Ronaldo Laishram, Yusei Koyama, Abdurrahman Naufal, Tadayuki Kodama, Rhythm Shimakawa, Kazuki Daikuhara, Helmut Dannerbauer, Jose Manuel Pérez-Martínez, Pablo G. Pérez-González

We present a spatially-resolved analysis of galaxy quenching within the Spiderweb Protocluster at $z \sim 2.16$, combining deep imaging from the James Webb Space Telescope (JWST) and the Hubble Space Telescope (HST). Utilizing pixel-by-pixel spectral energy distribution fitting, we derive maps of stellar mass, star formation rate (SFR), specific SFR (sSFR), and rest-frame UVJ colors. Quiescent galaxies, predominantly found at $\log(M_*/M_{\odot}) \geq 10.5$, exhibit clear mass-dependent inside-out quenching, with central sSFR approximately an order of magnitude lower than outer regions, while lower-mass star-forming galaxies show flat sSFR profiles.
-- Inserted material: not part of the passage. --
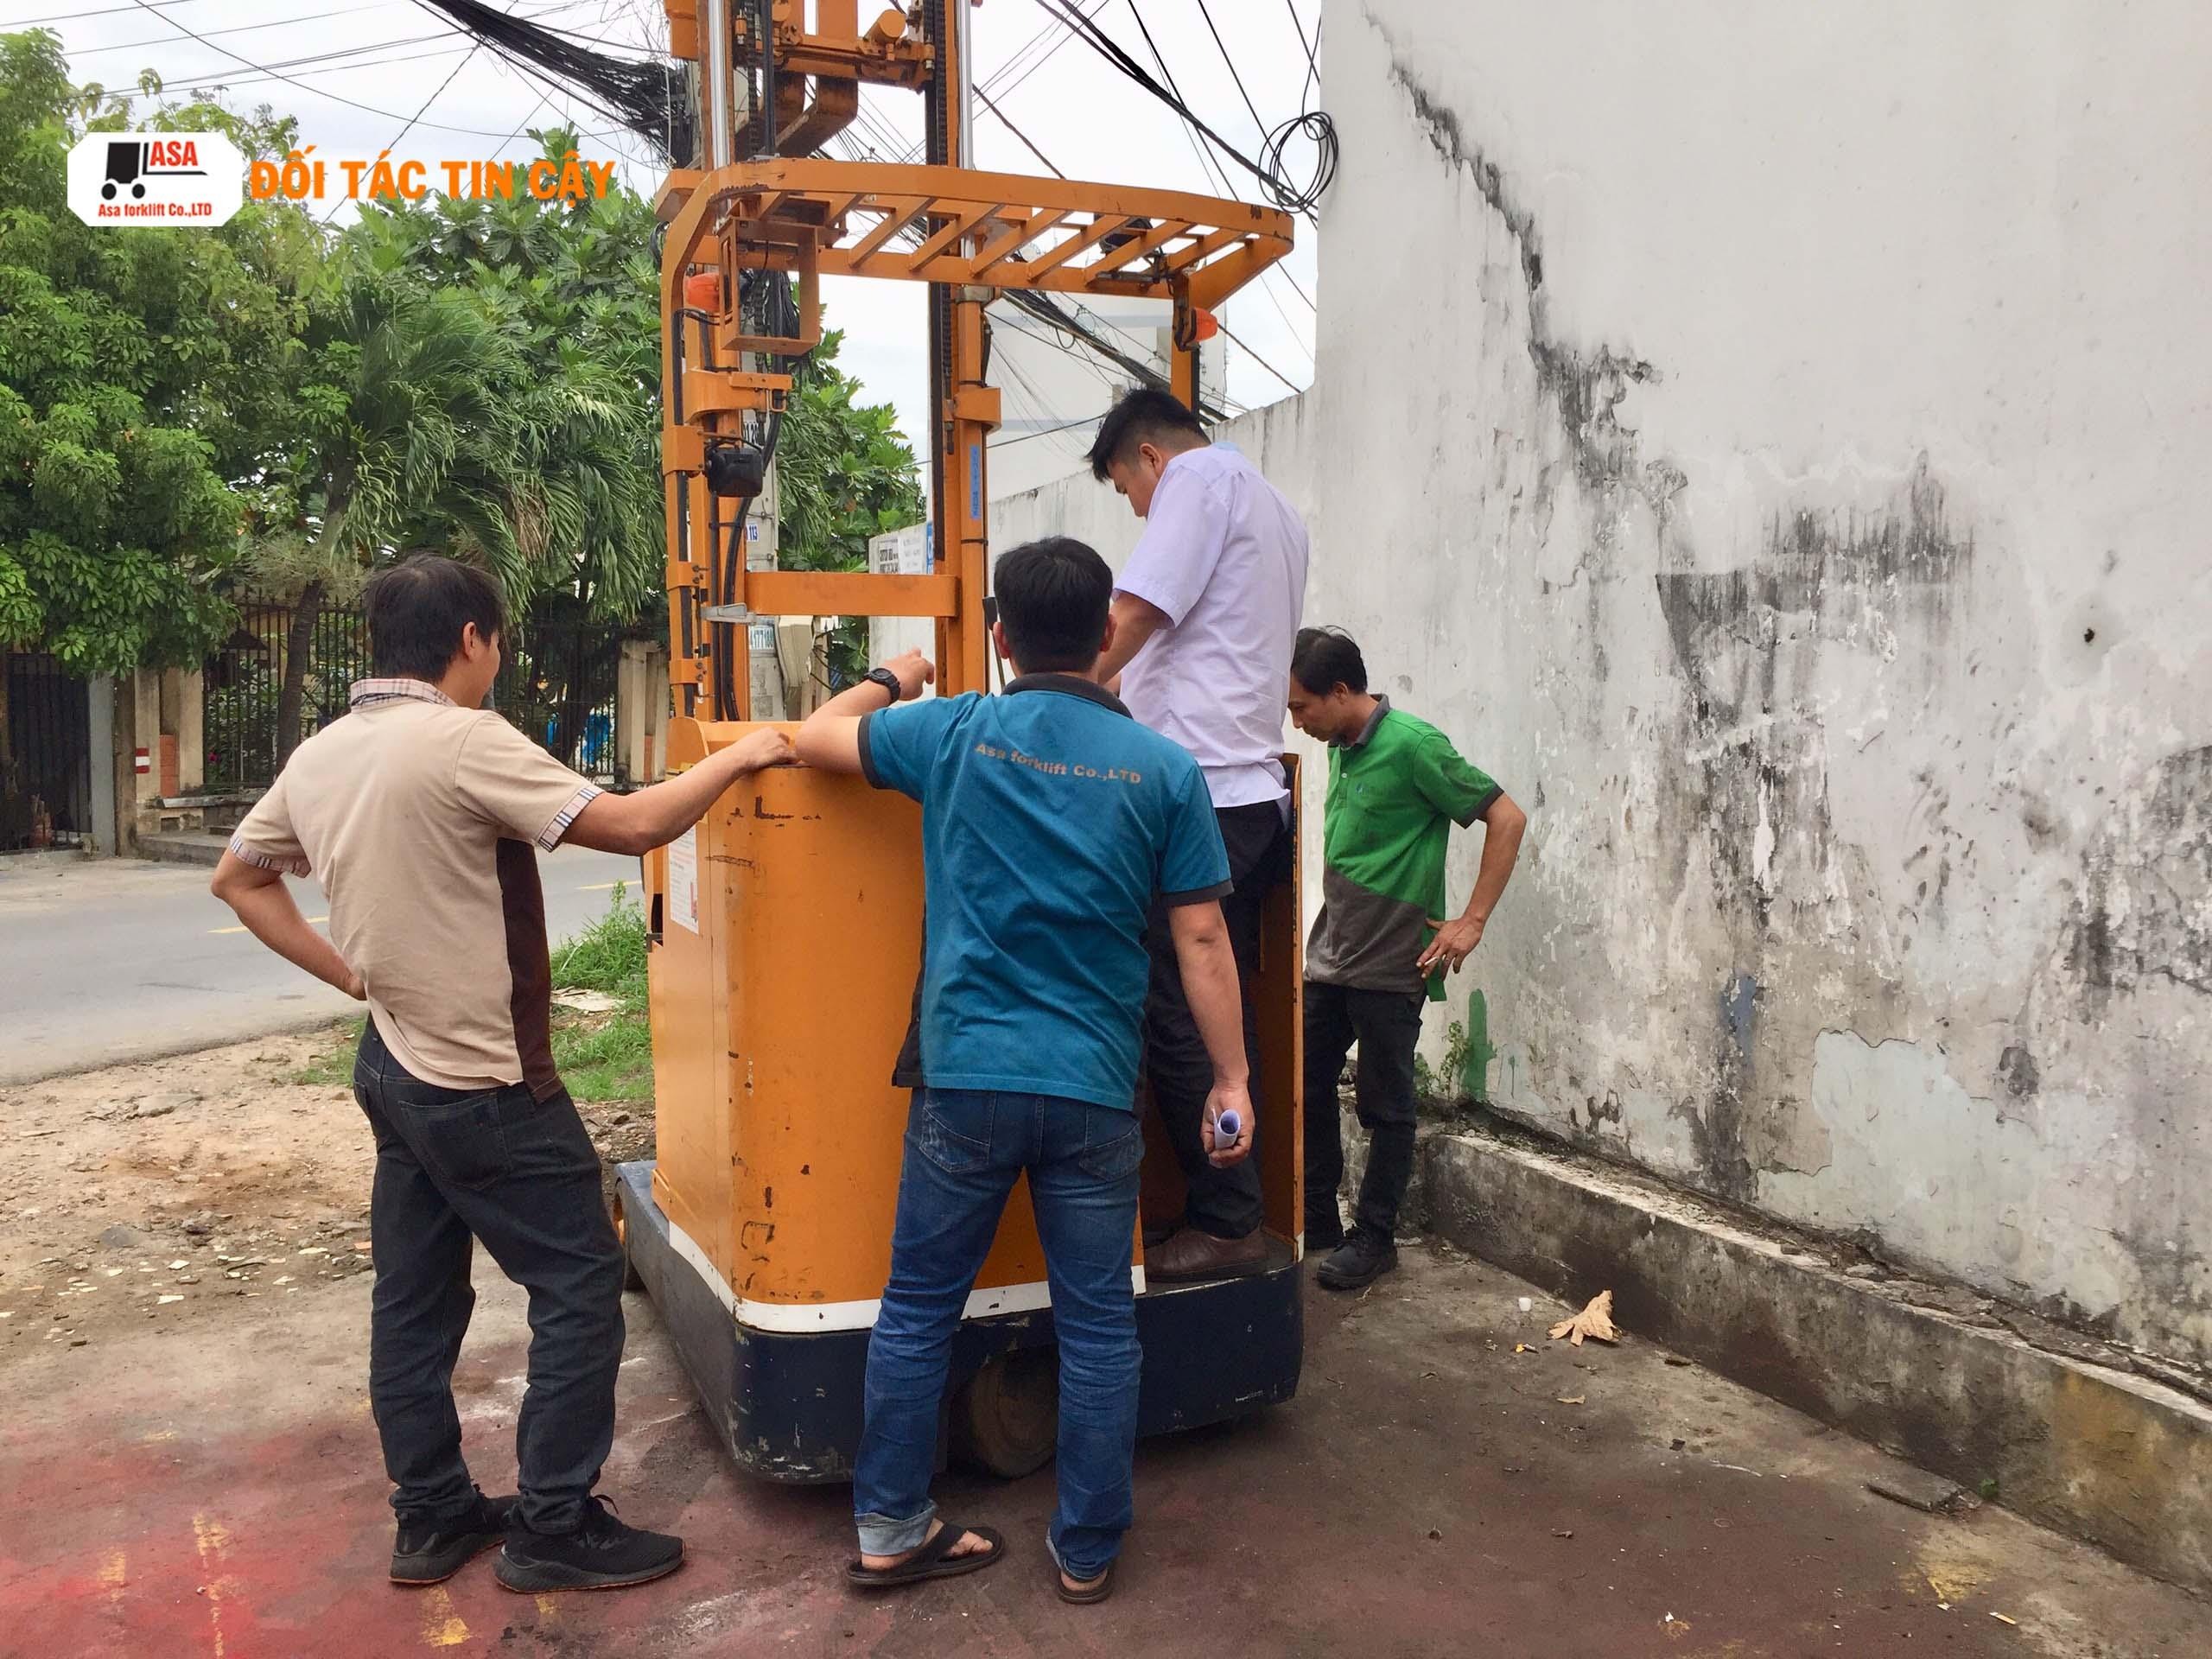 Sửa xe nâng hàng là giải pháp hàng đầu cho các doanh nghiệp tại TP. HCM

Central star formation activity fundamentally anti-correlates with Sérsic index, indicating reduced activity in bulge-dominated systems. Spatially resolved UVJ colors reveal heterogeneous internal star formation, distinguishing star-forming regions in quiescent hosts from those in globally star-forming systems. These findings demonstrate that quenching mechanisms were effectively operating by $z \sim 2$, with the observed inside-out patterns and morphological correlations consistent with AGN-driven feedback processes. Our study provides key observational constraints on galaxy evolution during this critical epoch.